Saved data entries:

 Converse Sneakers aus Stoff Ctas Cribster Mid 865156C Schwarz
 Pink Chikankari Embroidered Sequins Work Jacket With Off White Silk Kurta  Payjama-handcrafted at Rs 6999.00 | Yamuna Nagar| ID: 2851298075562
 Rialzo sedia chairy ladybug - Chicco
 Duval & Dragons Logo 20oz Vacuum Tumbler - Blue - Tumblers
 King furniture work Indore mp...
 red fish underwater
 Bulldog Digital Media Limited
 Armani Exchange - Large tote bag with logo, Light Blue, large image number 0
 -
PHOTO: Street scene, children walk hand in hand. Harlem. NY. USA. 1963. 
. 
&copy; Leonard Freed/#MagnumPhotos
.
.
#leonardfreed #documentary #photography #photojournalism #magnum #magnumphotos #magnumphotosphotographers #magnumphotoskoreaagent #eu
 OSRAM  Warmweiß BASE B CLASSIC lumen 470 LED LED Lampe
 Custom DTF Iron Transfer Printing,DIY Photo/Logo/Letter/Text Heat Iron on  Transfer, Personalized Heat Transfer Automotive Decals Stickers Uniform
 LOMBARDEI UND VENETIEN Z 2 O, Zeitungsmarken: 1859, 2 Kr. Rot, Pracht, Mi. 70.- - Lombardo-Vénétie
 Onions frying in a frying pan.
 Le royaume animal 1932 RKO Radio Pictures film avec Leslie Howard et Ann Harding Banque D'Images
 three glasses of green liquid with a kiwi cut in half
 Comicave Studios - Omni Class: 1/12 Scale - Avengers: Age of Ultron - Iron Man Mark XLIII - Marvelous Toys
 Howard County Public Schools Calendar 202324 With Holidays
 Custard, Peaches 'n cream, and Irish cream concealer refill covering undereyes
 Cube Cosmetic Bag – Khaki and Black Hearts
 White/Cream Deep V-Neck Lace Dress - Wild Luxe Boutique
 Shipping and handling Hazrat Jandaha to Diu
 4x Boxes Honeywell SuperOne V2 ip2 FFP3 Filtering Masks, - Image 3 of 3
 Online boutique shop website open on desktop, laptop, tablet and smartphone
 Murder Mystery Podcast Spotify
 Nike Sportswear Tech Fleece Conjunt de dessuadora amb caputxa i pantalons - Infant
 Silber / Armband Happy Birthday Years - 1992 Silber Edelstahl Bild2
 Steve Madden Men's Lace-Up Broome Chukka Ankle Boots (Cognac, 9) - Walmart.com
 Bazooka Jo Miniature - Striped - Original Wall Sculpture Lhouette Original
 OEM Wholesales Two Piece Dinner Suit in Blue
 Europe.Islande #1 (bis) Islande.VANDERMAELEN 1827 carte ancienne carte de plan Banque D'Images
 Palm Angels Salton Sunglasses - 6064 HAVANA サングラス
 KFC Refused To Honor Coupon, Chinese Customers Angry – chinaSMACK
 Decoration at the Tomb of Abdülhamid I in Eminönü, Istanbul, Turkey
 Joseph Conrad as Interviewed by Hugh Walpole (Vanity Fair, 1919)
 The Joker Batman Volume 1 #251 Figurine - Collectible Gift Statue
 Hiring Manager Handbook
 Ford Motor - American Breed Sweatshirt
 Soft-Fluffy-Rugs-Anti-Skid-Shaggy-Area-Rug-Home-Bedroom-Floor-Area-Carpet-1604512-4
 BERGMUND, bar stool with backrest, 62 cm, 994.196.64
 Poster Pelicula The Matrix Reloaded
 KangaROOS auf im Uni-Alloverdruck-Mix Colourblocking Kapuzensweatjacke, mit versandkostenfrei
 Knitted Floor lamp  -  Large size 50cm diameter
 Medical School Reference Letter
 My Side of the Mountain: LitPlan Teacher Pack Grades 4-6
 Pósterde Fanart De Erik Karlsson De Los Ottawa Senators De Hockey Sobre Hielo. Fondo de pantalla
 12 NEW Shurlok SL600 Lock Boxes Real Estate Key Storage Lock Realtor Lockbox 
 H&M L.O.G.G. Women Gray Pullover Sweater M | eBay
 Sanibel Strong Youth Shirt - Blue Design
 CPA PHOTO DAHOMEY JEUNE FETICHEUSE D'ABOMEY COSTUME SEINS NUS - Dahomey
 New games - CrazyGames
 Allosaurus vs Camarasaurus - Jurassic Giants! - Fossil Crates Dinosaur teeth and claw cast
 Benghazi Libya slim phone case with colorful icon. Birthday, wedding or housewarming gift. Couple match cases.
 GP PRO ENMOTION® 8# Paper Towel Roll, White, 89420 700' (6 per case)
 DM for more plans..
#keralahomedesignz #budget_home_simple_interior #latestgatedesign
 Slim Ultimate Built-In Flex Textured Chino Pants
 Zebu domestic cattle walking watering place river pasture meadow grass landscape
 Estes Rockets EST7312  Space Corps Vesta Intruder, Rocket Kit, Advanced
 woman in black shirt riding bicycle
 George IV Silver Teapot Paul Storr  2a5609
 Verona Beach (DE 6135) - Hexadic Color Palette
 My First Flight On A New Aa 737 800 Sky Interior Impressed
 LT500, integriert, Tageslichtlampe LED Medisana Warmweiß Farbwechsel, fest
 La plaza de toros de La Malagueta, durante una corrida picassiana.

§ Task prompt
Working from the records above, write out verbatim only the lines from the line containing "Hiring Manager Handbook" through the line containing "KangaROOS auf im".

§ Response box
 Hiring Manager Handbook
 Ford Motor - American Breed Sweatshirt
 Soft-Fluffy-Rugs-Anti-Skid-Shaggy-Area-Rug-Home-Bedroom-Floor-Area-Carpet-1604512-4
 BERGMUND, bar stool with backrest, 62 cm, 994.196.64
 Poster Pelicula The Matrix Reloaded
 KangaROOS auf im Uni-Alloverdruck-Mix Colourblocking Kapuzensweatjacke, mit versandkostenfrei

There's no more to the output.